Just factory reset. Mine did that on stock and the problem was solved with a reset.

Sent from my DROID BIONIC using Tapatalk 2


----------



## darkstarsinner (Dec 23, 2011)

Well I've reset a couple of times and each time I got the same result. Today i just wiped the cache and the temp seems to have gone down but the battery was still so bad that while driving to work playing Pandora and charging the battery was still dying faster than it could charge. Got to work and only had half a charge left when it was full when I hit the road. I see that my display is taking a toll so i turned the brightness down to half way. We'll see tomorrow how it goes.

Sent from my DROID BIONIC using Xparent Red Tapatalk 2


----------



## Drop Knowledge (Dec 26, 2011)

Noob question...sorry.

I'm trying to flash ICS to a Bionic for work/testing purposes, but haven't mingled w/ it's dev community at all, or w/ Moto phones in general (though I do have experiencing flashing/modding). I have both root and CWM recovery, but am old a very old build version (5.5.886...). I'm wondering what it would take to get from where I am to the .232 ICS leak?

I've been doing some reading, but with all these build versions needing to be flashed back and forth I'm a little lost. Any help would be appreciated, and I apologize again.


----------



## smilepak (Aug 11, 2011)

WHAT?! No new leak this week? ahahah


----------



## lancerday (Jan 10, 2012)

I'm on stock .905 rooted with a Nandroid backup. If I flash the .232 ICS leak, will I be able to simply CWM restore to my Nandroid backup to get back on .905 (for the update path)?


----------



## DrJay (Mar 6, 2012)

lancerday said:


> I'm on stock .905 rooted with a Nandroid backup. If I flash the .232 ICS leak, will I be able to simply CWM restore to my Nandroid backup to get back on .905 (for the update path)?
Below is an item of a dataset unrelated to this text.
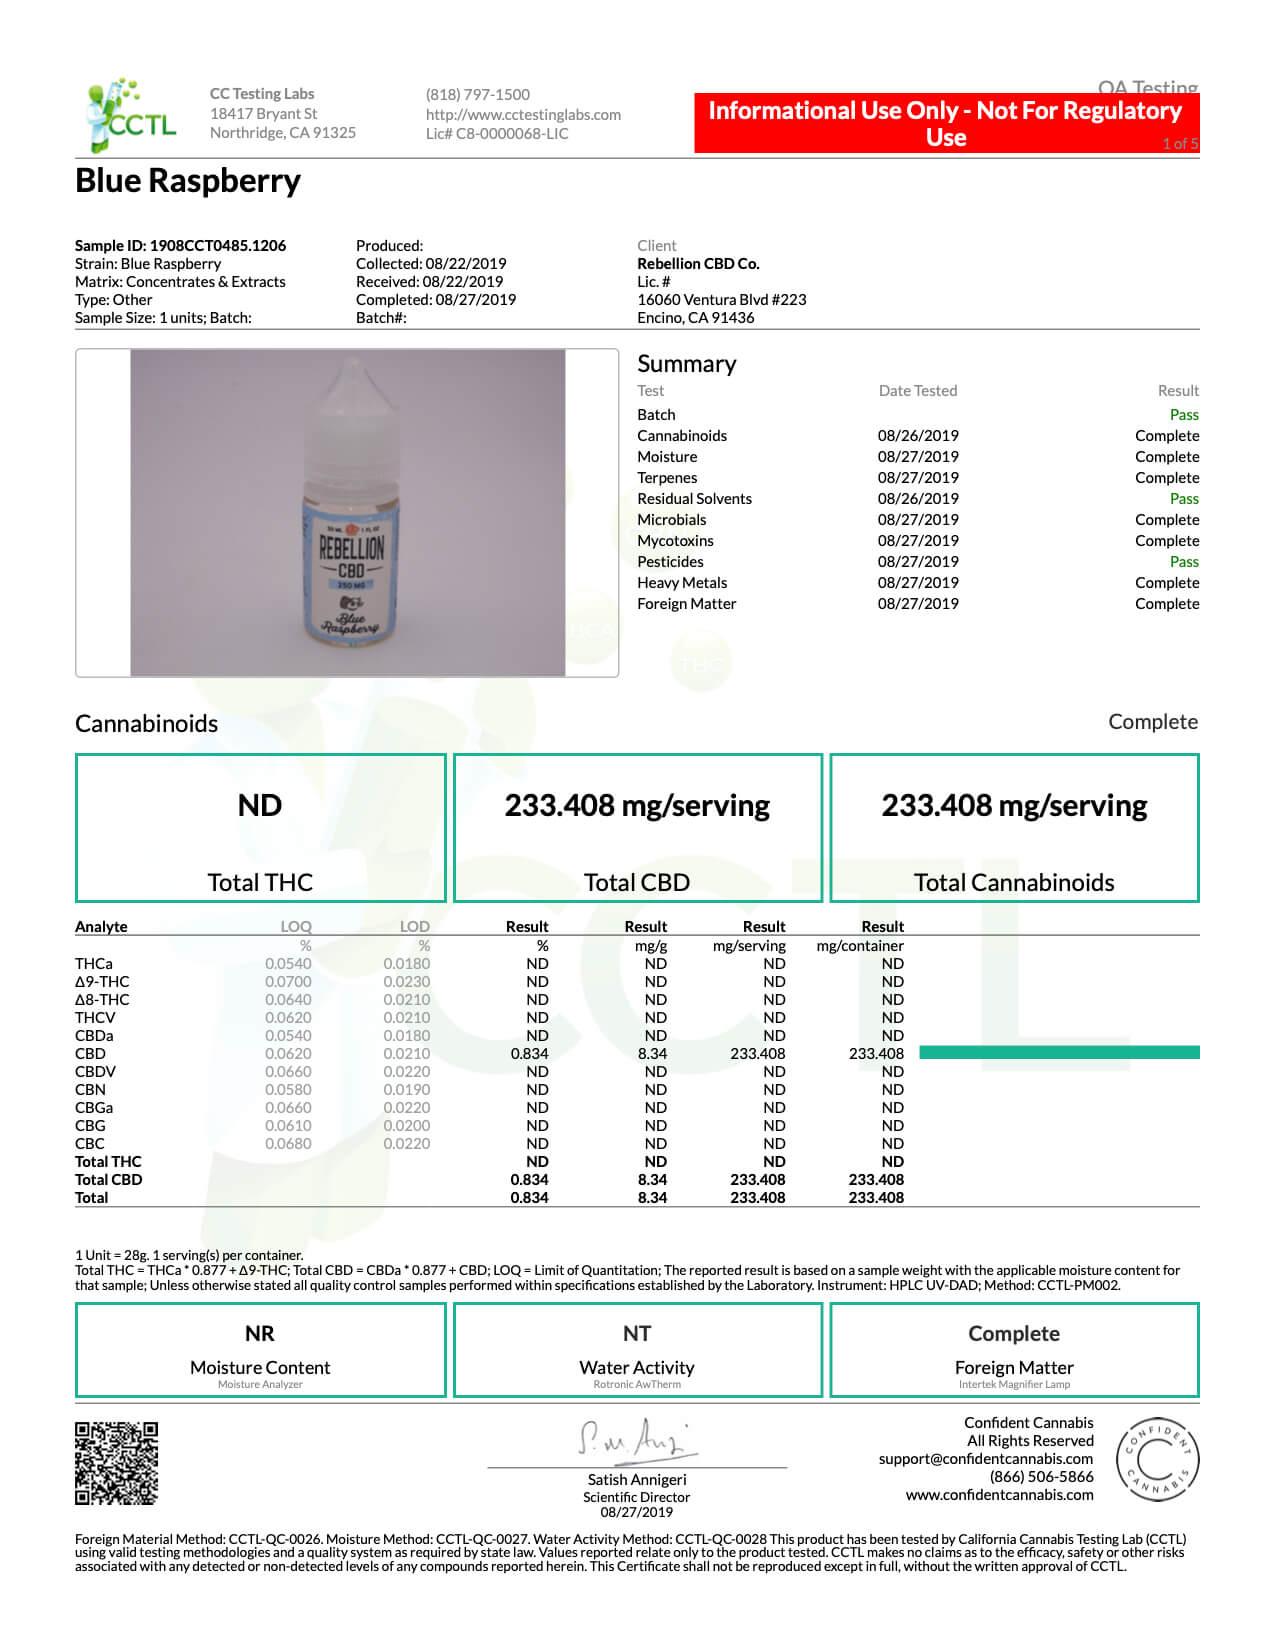 REBELLION CBD Blue Raspberry E-Juice 250mg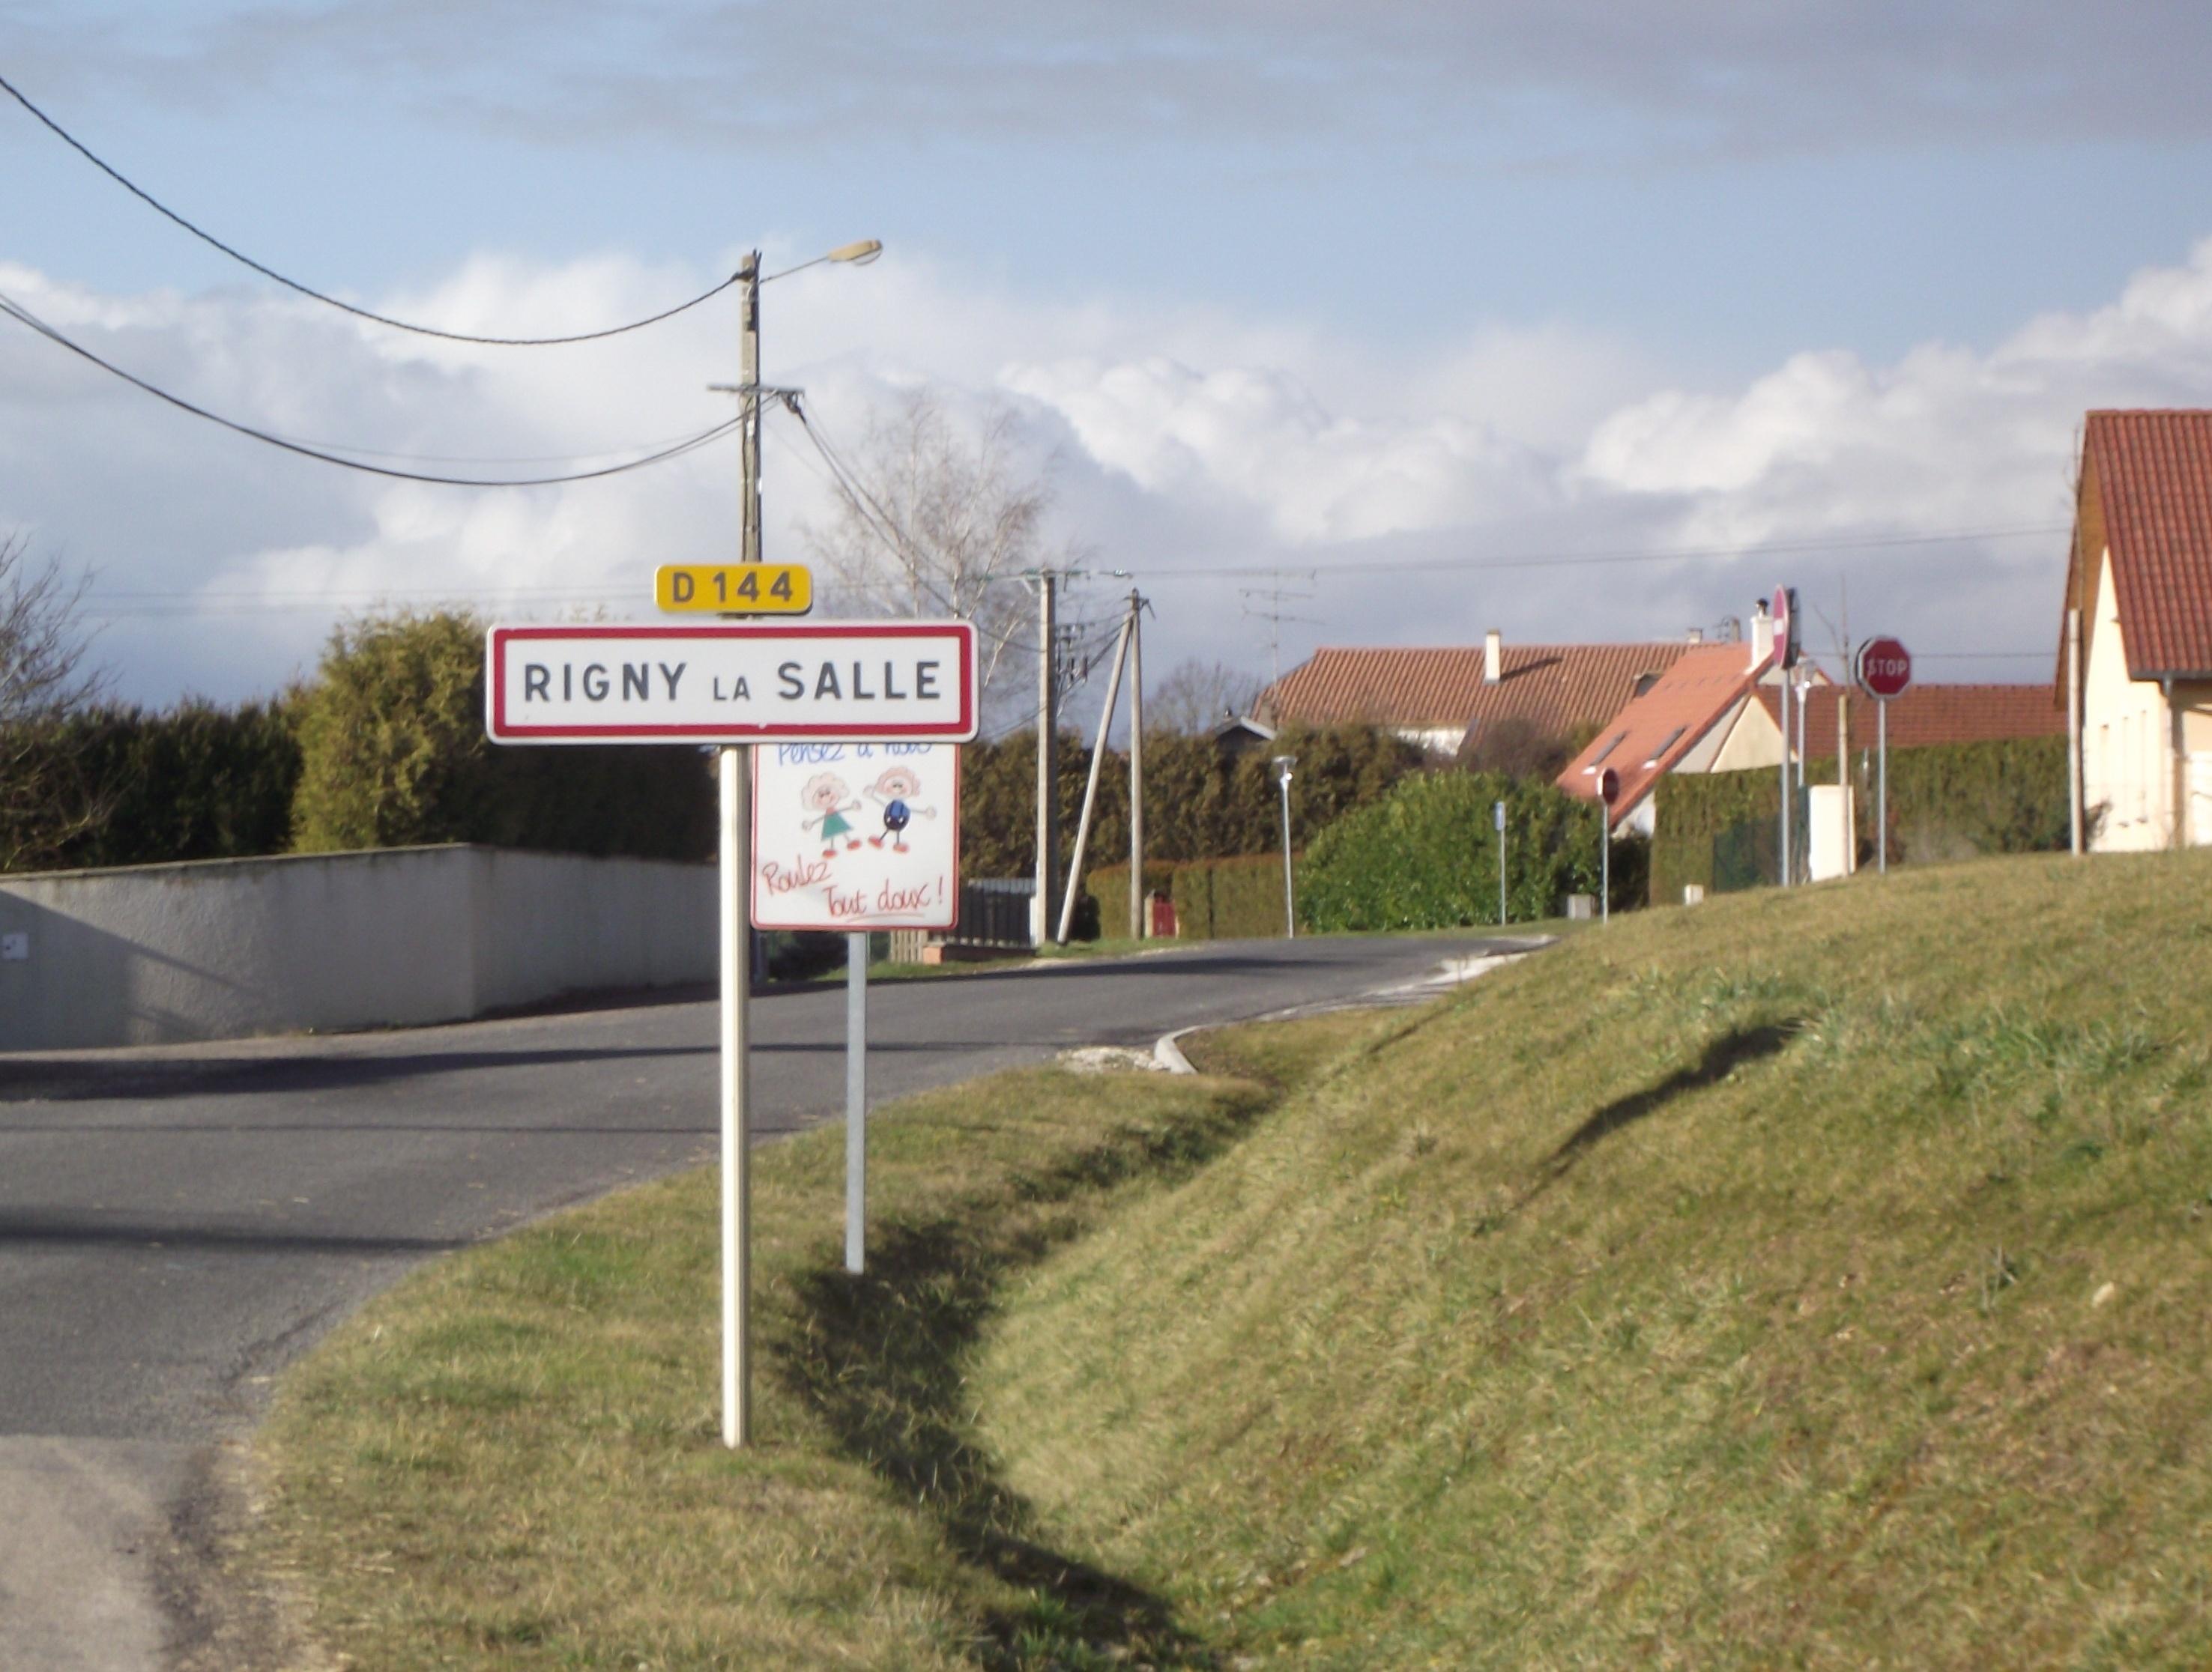 Rigny-la-Salle

NO! The kernel gets changed... If you go to the ics leak, you will have to RSD to 902 then ota to 905 THEN restore your nandroid backup

Sent from my ICS DROID BIONIC using my fingers


----------



## meandg5 (Sep 23, 2011)

So far, I'm liking this .232!! Nice and smooth, no glitchs or FC's.


----------



## lancerday (Jan 10, 2012)

DrJay said:


> NO! The kernel gets changed... If you go to the ics leak, you will have to RSD to 902 then ota to 905 THEN restore your nandroid backup
> 
> Sent from my ICS DROID BIONIC using my fingers


Thanks! Glad I know before I flashed it!


----------